Gram’s eyes were flickering again, ready to close.
“Are you hungry?” Nayima asked.
Gram’s lips moved, but she didn’t say anything Nayima could hear.
Nayima didn’t smell feces, so she would postpone the rest—the changing of the urine-soiled bed pad, the gentle sponge cleaning, the bedsores, the feeding. All of that would wait until they had moved to Mr. Yamamoto’s flea-free home.
He always had been meticulous, Mr. Yamamoto. Even his roses were still on schedule.
“I love you, Gram,” Nayima said, and kissed her grandmother’s forehead. She allowed her lips to linger against the warm, paper-thin skin across the crown of Gram’s skull.
Gram’s breath whistled through her nose. She whistled more now, since the smoke.
Luckily, the cancer wasn’t in Gram’s lungs, so breathing had never been a problem. But breathing would be a problem for both of them soon. It hadn’t occurred to Nayima to ask Shanice for oxygen, not back then. She hadn’t known the fires were coming. Even the dust masks Nayima wore outside had just been in a box left untouched for years in Gram’s garage. She wore them until they fell apart; she only had twenty-two more.
When Nayima fitted a new dust mask across her grandmother’s nose and mouth, Gram didn’t even open her eyes.
The first scream didn’t come until they were well beyond the front door, when Nayima had lulled herself into thinking that the move might not be so bad. One of the wheels wandered off the edge of the driveway, rattling Gram’s bed. Her scream was strong and hearty.
“Sorry,” Nayima whispered, her mantra. “I’m sorry, Gram.”
Gram’s eyes, closed before, were wide and angry. She glared at Nayima, then turned her gaze to the sky. Even with pain lining her face, Nayima saw Gram’s bewilderment.
“It’s smoke,” she said. “Brushfires.”
The bewilderment melted away, leaving only the pain. Most of Nayima’s life with Gram, there had been wildfires every other summer. They both had grown accustomed to the sirens and beating helicopters that were still Nayima’s daily and nightly music. She heard a far-off helicopter now, and a choppy, angry voice from an indistinct loudspeaker. She braced for popping gunshots, but there were none. Not this time.
“Mr. Yamamoto took a trip with his grandchildren, so he said we could use his house,” Nayima said, trying to distract Gram, but a bump elicited a shriek. “I’m sorry, Gram. I’m sorry.”
At the edge of the driveway, it occurred to Nayima that she could pull the car out of the garage instead. She’d packed the passenger side and trunk solid, but she’d left the back seat empty for Gram, layered with blankets.
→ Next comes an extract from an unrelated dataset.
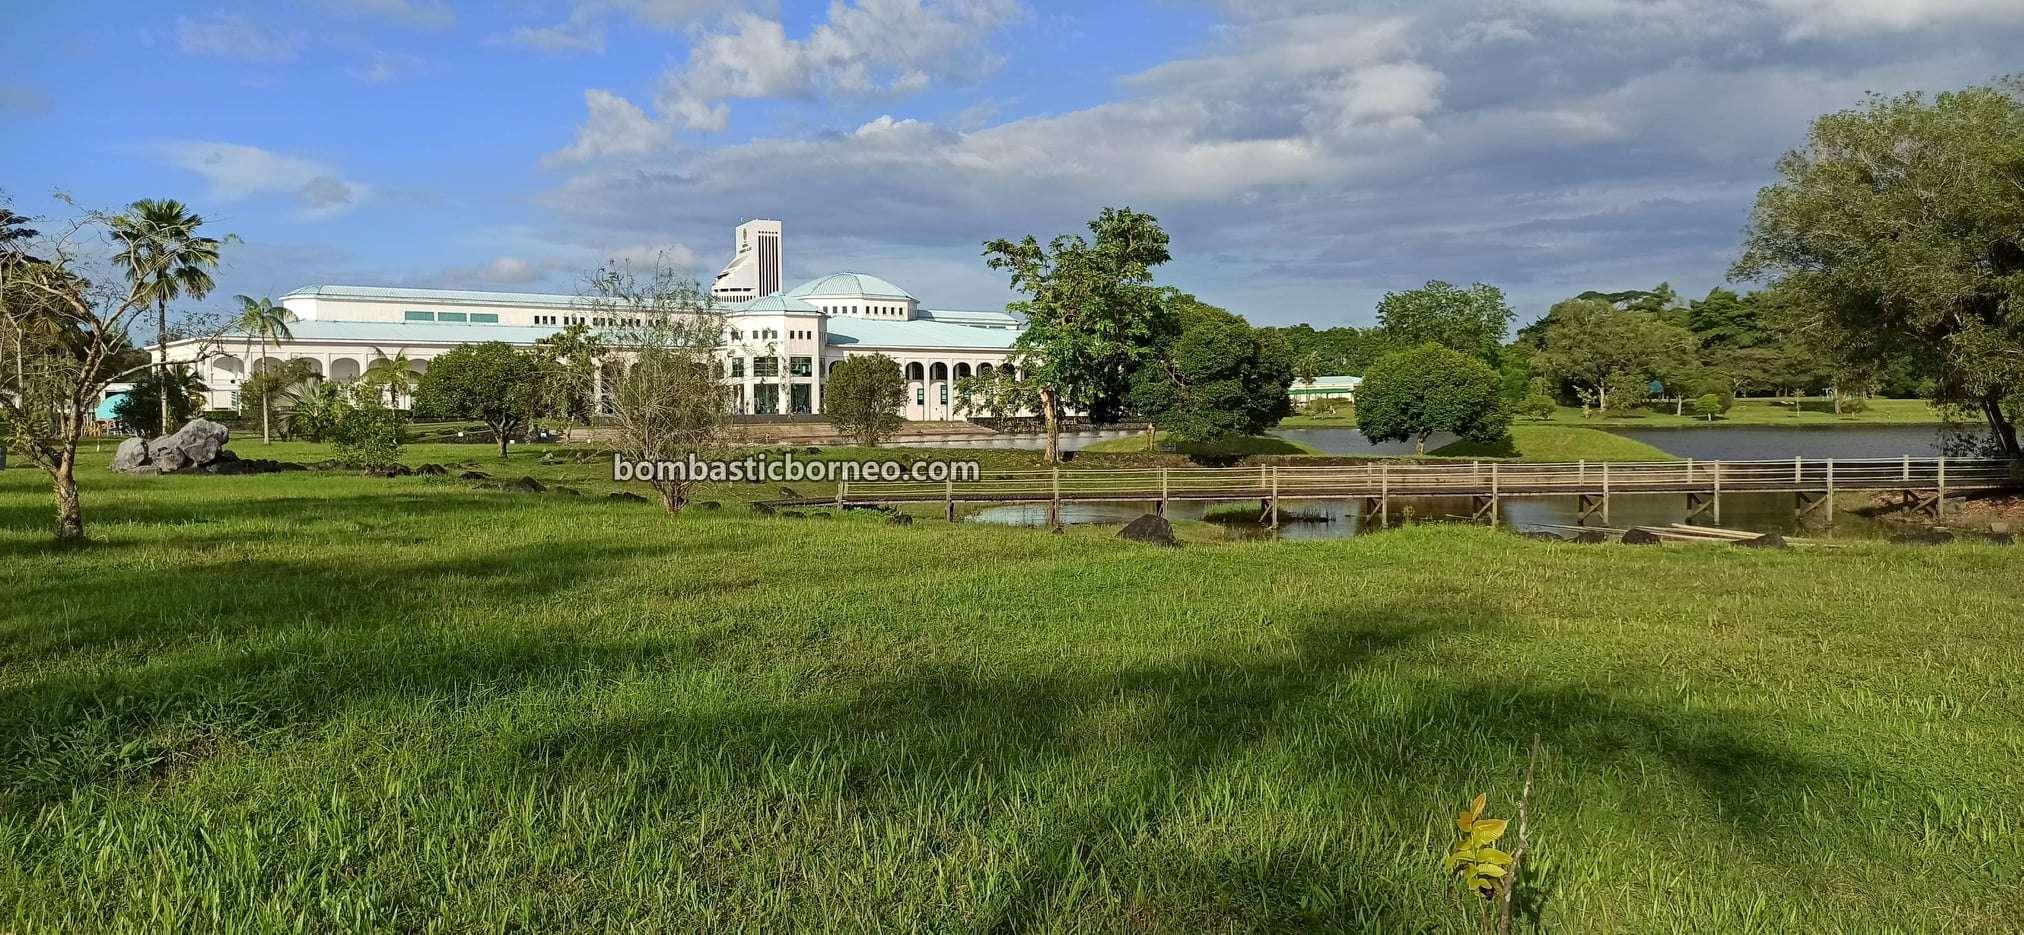 Pustaka Negeri Sarawak, Sarawak State Library, tempat senaman, jogging, walking, outdoor, exercise, garden park, Borneo, Kuching, Malaysia, nature, objek wisata, Tourism, travel local,

She could wash, dress and feed Gram right outside and then carry her into the car. Would the screams be any worse? What difference would it make if Gram was screaming in Foothill Park or screaming somewhere down the smoky interstate?
Nayima’s tears stung in the smoke. She had to stop to wipe her eyes dry with a section of her thin shirt. When she looked at her clothing, she realized she was only wearing a black tank top and underwear, the clothes she slept in. And white socks. She had so much laundry to do.
Gram’s shriek melted to a childlike, hopeless sob.
Nayima gave Gram’s hand another squeeze and then carefully, very carefully, pushed the rolling bed across the bumpy asphalt, toward the beckoning yellow rose blossoms.
“Look, Gram,” she said. “Mr. Yamamoto’s roses are blooming.”